ソビエト共和国軍を散々怯えさせてくれたアラブ帝国軍ゲリラなのだが、最初の攻撃の後はそこら中に湧いたものの、暫く経つとどこにも見られなくなった。


「まあ、事実我々の侵攻が遅くなっているから、敵の作戦勝ちといったところか」


「閣下がそれを認めてしまうのですか?」


「失敗を認めない人間が真の無能だからな」


結果的にソビエト共和国軍はありもしない脅威に怯え続けて進撃を遅らせることとなってしまった。敵からしたらこれ以上ない成果だろう。


結局、寡兵を以て抵抗する際のゲリラ戦の有効性を思い知らされた形となってしまった。


「しかし、中東の兵士はゲリラ戦に慣れていたりするのか?」


「どうなんですかね?大昔こそゲリラ戦の大家でしたが、その教訓が今にまで受け継がれているとは、あまり思えません」


中東は歴史的にアメリカなどの侵略を受けてきた。そして当然ながら正面からの殴り合いではアメリカに勝てない。そこで中東諸国が取ったのがゲリラ戦である。

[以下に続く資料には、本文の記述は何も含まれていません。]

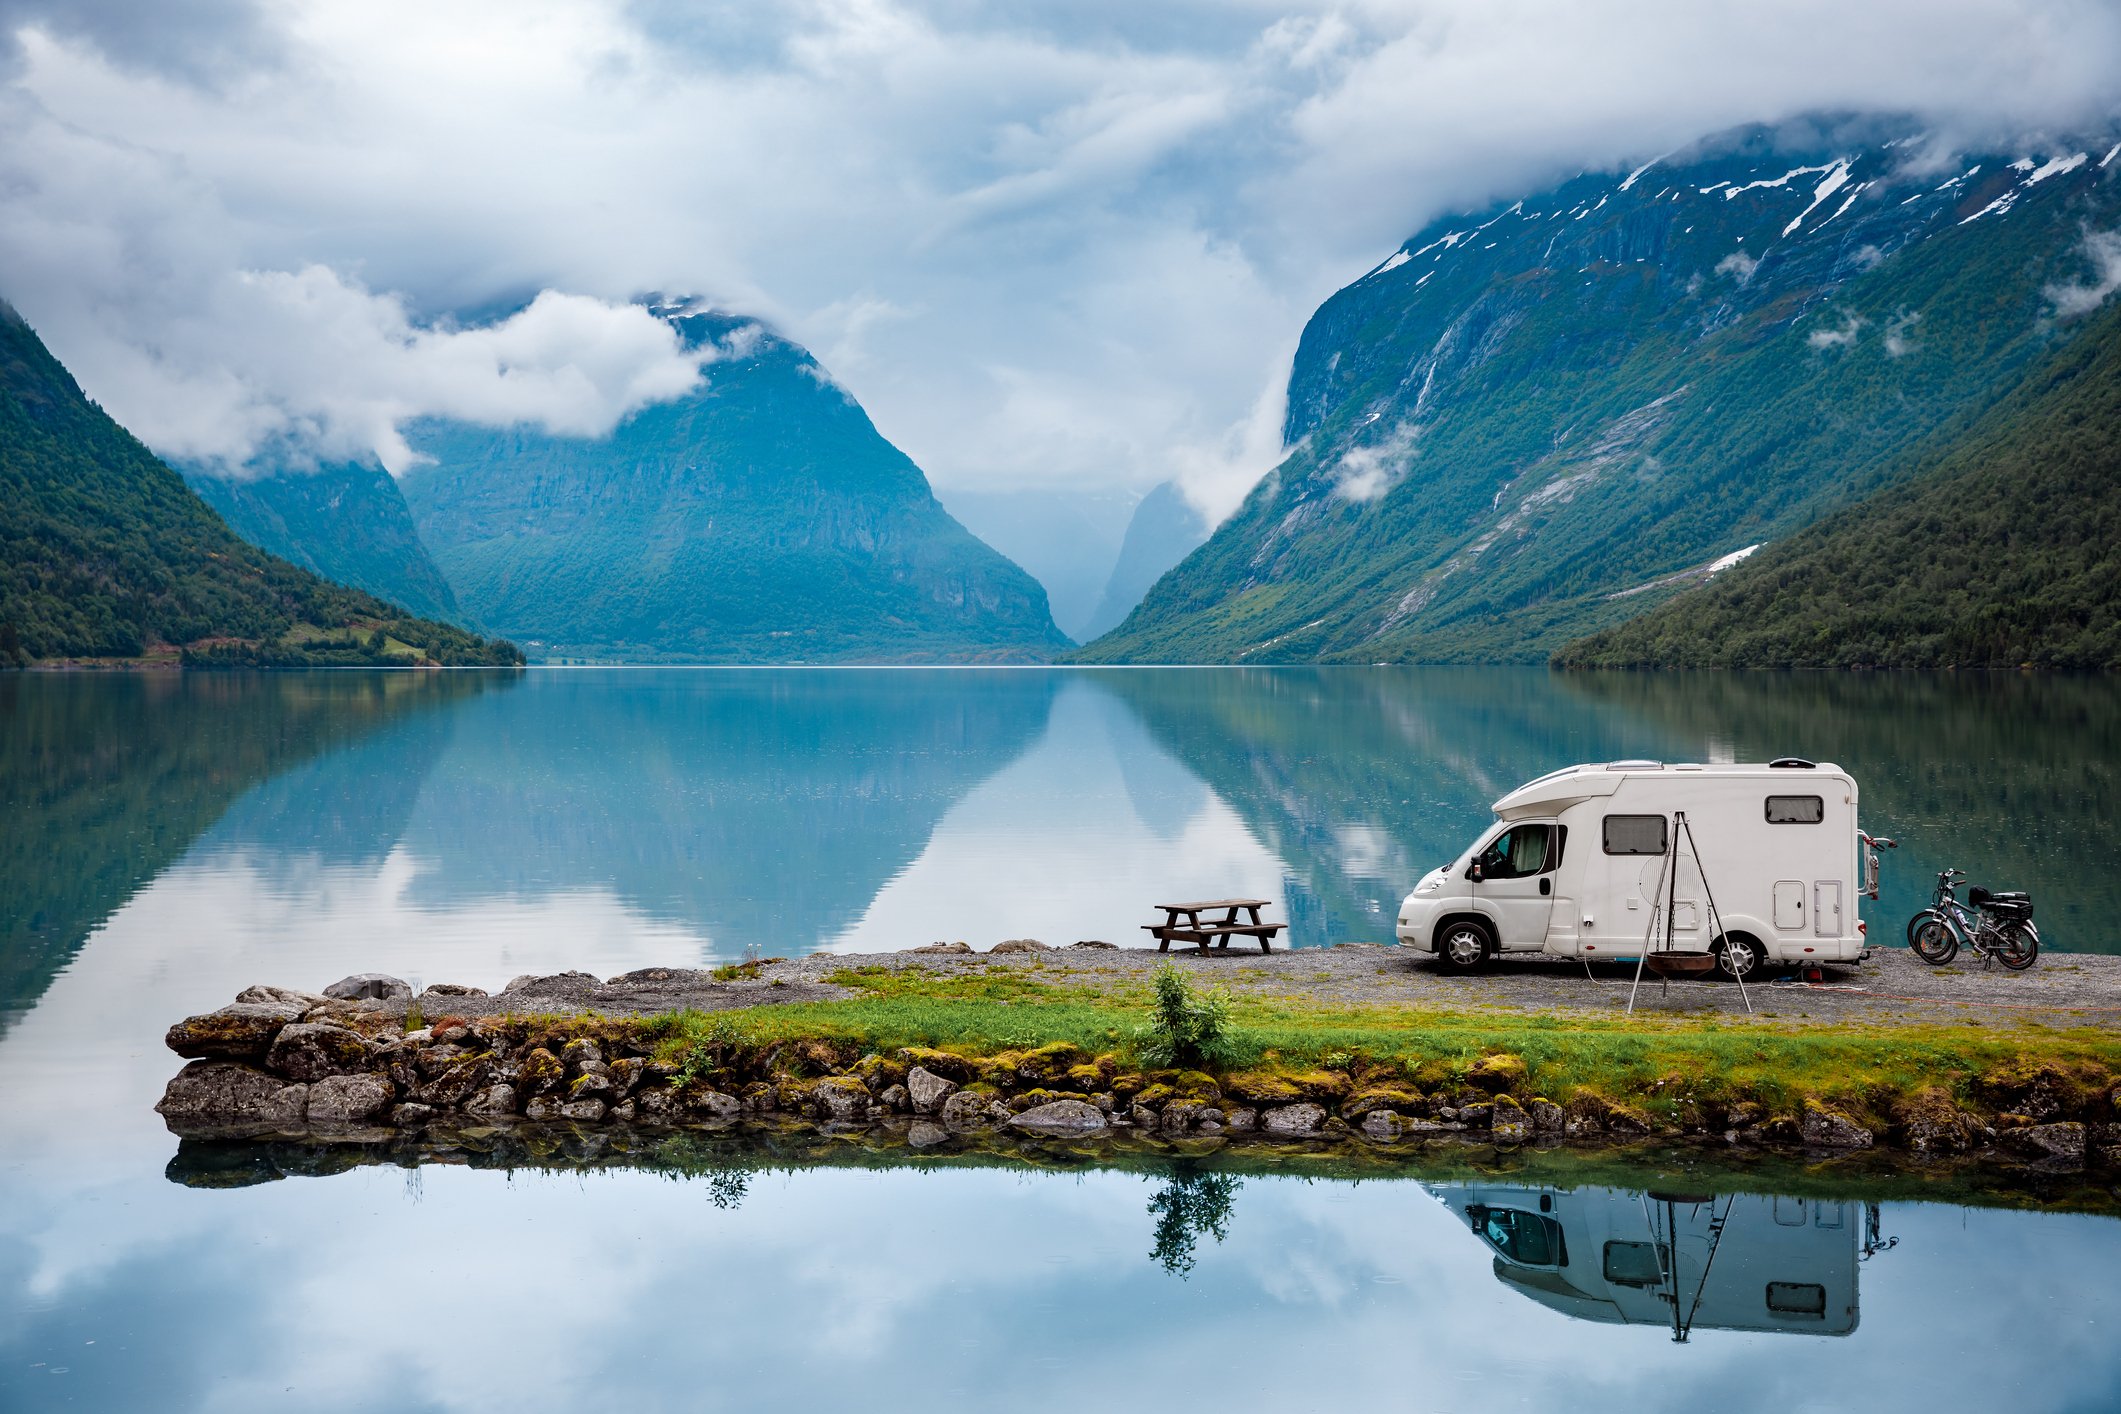 Renting out your RVs? Here’s how to keep things eco-friendly.

一人でも多くの米兵を殺害し、それによってアメリカ国内に厭戦感情を起こし侵略の継続を難しくする。侵略が大好きな癖に自国民が死ぬのは嫌う自分勝手な性格を利用する。


こうした条件を満たしたゲリラ戦こそが唯一の勝機であった。


それ故に多くの中東諸国の軍はゲリラ戦の経験が豊富だったのだが、それも300から400年前の話。今どうなっているのかは分からない。

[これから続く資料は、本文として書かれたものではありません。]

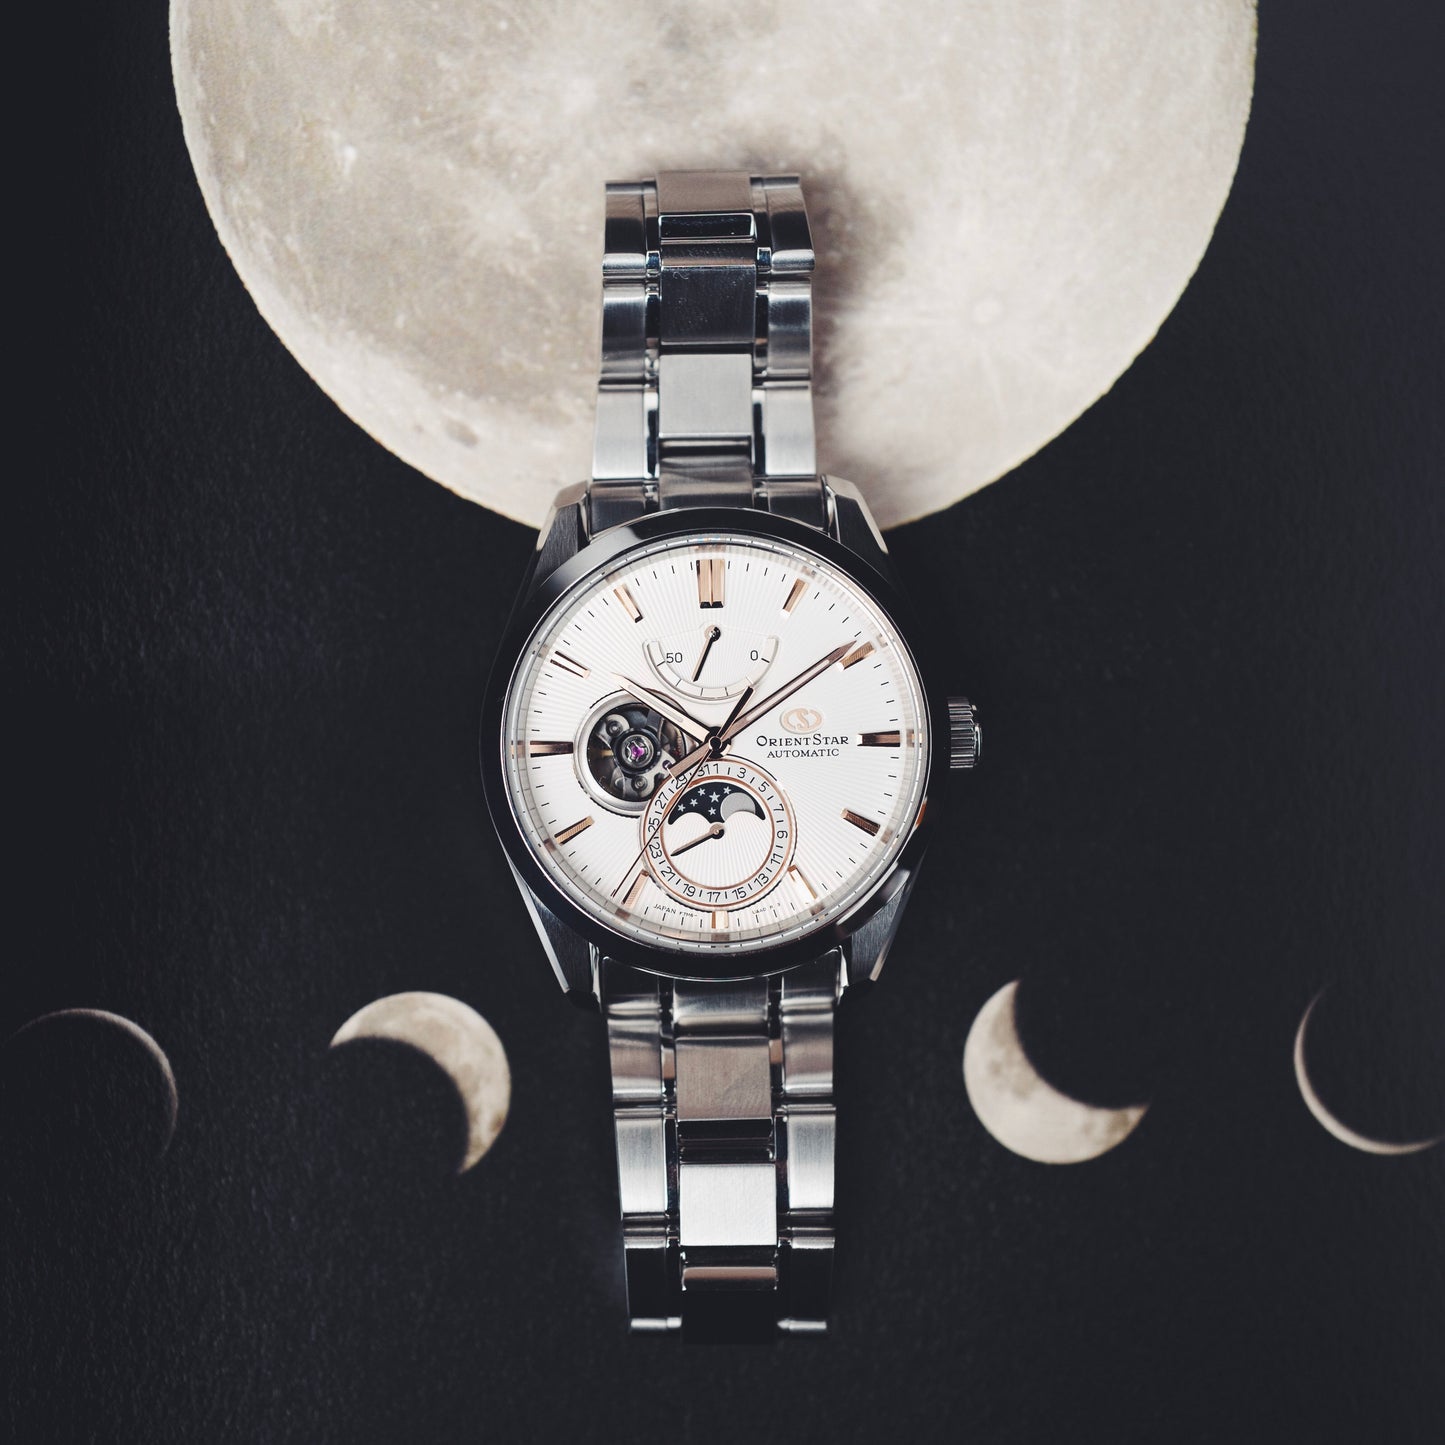 Orient Star : Mechanical Moon Phase - RE-AY0003S00B

「まあ、少なくとも敵の頭がゲリラ戦を理解しているのは間違いない」


「そうですね。今でも我々はゲリラに警戒し続けなければいけませんから」


「アフガンの悪夢が甦るな」


「そういう縁起の悪いことは言わないで下さい」


ゲリラ戦に苦しめられたのはアメリカだけではない。旧ソ連もまた、アフガニスタンでアメリカの支援するゲリラに苦しめられた。国家として息も絶え絶えであったソ連にとどめを刺したのはこの戦争と言われるものだ。


「まあ、流石にそんな泥沼にはならないと思うがな」


「そうでないと困ります」


そうして高射砲を中心とする陣地に立て篭もるアラブ帝国軍との戦いが始まった。


機関銃や迫撃砲、対戦車ミサイルで強固に武装した陣地に対し、遠距離からの砲撃や狙撃によって確実に敵兵を削っていく。武器こそ豊富だが、敵兵は少ない。兵士を確実に殺していけばその抵抗は弱まっていく。


そして更に6時間くらいが経ったころ。


「第四地区の砲台、完全に制圧しました」


「初勝利か。なかなかかかってしまったな」


やっとの事で最初の砲台が落ちた。その後砲台は着々と制圧され、9時間も経ったころには全てが制圧された。これにより、飛行艦隊への直接的な脅威は完全に排除されたことになる。


「次は空港の確保だ。まずは全部隊を市内の空港に向かわせ、その安全を確保せよ」


損傷した艦に応急処置を施すにも、補給を行うにも、空港は必要である。この先へ進行するにも空港は必要だ。


「空港に脅威は認められません」


「設備はほぼ万全の状態です」


「よし。では中破以上の艦を着陸させよ。また地上部隊も回収せよ」


空港の制圧は何の問題もなく完了した。


しかし、一部の艦を着陸させたその時だった。


「西部空港で爆発!テロ攻撃かと思われます!」


「ここでゲリラか…」


敵のゲリラは決してその活動を停止した訳ではなかったのだ。次の彼らの目標は、飛行艦隊にとっての生命線、空港であった。